The name of the association is Villa Karon ystävät ry (Friends of Villa Karo), and it is based in Helsinki.
The purpose of the association is to improve the knowledge West Africa amongst Finnish artists, researchers and cultural influencers and to increase cultural exchange and interaction between Finland and West Africa.
To fulfill this purpose, the association gives scholarships and workspaces to artists, researchers and cultural specialists and organizes cultural activities.
To support its activities, the association seeks to obtain financial and material support from both public and private sources.
Someone who supports the purpose of the association can become an ordinary member.
An educational institution, community or organization that wants to participate in the association’s activities can be accepted as a community member of the association.
Ordinary members, community members and alumni members are approved by the association’s governing board.
Every ordinary member, community member, honorary member and the honorary chairperson has one vote.
A person who has provided significant work or support for the association’s activities can be invited to become an honorary chairman or honorary member at the association’s meetings, subject to the board’s approval.
Members have the right to resign from the association by notifying the chairperson of the board or the executive director of the association in writing.

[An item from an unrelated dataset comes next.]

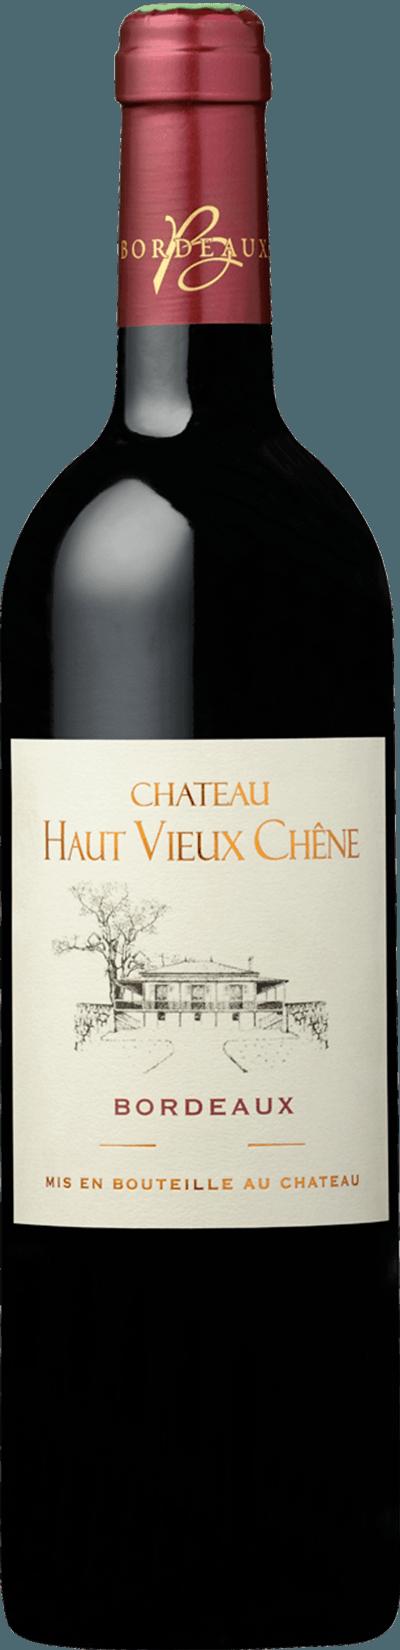 Château Haut Vieux Chêne

The board can dismiss a member if the member has failed to pay the membership fee, has otherwise failed to fulfill the obligations committed to by joining the association, has significantly hindered the association by their conduct inside or outside the association, or no longer fulfills the membership conditions stated in the association’s rules.
The price of the joining and annual membership fees for ordinary members, community members and alumni members will be decided at the annual meeting. The honorary chairman and honorary members are not obliged to pay membership fees.
The association’s affairs are handled by the board. 4-6 board members and a maximum of 2 alternate members are elected at the annual meeting. The board decides amongst itself a chairperson, vice-chairperson and any other possible positions. The same person can be a part of the board for a maximum of 8 consecutive years.
The board’s term of office is the period between annual meetings.
The board meets at the invitation of the chairperson or, in their absence, the vice-chairperson, when either they deem it necessary or at least half of the board members request it.
The board has the ability to make decisions when half of its members and the chairperson and/or the vice-chairperson is present. Votes are decided by absolute majority. In the event of a tie the chairman’s vote will decide aside from in elections, where a lottery will be held.
The name of the association may be written by the chaiperson, vice-chairperson, secretary or treasurer of the board, any two of these together, or a person who has been granted the righto to do so separately by the board.
The association’s fiscal period is one calendar year.
The financial statements, along with any other necessary documents and the board’s annual report, must be given to the auditors no later than three weeks before the annual meeting. The auditors must give their written statement to the board no later than two weeks before the annual meeting.
The board must convene the association’s meetings by email at least seven days in advance of the meeting.
The association’s annual meeting is held every year on a date determined by the board in January-May.
An extraordinary meeting is held when the association’s meeting so decides, when the board deems it necessary or when at least one-tenth (1/10) of the association’s voting members request it in writing from the board for specific matter. The meeting must be held within thirty days of submission of the request.
Meetings of the association may also be attended by post or by means of a telecommunications connection or other technical aid, if the board of directors or the association’s meeting so decides.
Unless otherwise specified in the rules, decisions made during association meetings shall be those supported by more than half of the votes cast. In the event of a tie, the vote of the meeting’s chairman will decide except in the case of elections, where a lottery will be held.
The annual meeting will include the following sections:
1. Opening of the meeting
2. The choosing of the meeting’s chairperson, secretary, two minute-takers and if necessary two vote counters.
3. Confirmation of the legality and sufficient attendance of the meeting.
4. Approval of the meeting agenda.
5. Presentation of financial statements, annual report and auditor’s statements..
6. Decision on the confirmation of the financial statements and the granting of discharge from liability of the board of directors and other responsible parties.
7. Estimation of the action plan, income and expenditure and confirmation of the joining and membership fee.
8. Election of the chairperson of the board and other board members.
9. Selection of one or two auditors and their deputy auditors.
10. Discussion of other matters mentioned in the meeting.
If a member wants to discussed an issue at the annual meeting, she must notify the board of directors in writing in good time so that the matter can be included in the meeting notice.
The decision to change rules or dissolve the association must be made by a majority of at least three quarters (3/4) of the votes cast at the association’s meeting. The meeting invitation must mention the changing of rules or dissolution of the association.
In the event of the dissolution of the association, the association’s funds will be used to promote the purpose of the association in a manner determined during the meeting where the dissolution was decided upon. When the association is liquidated, its assets will be used for the same purpose.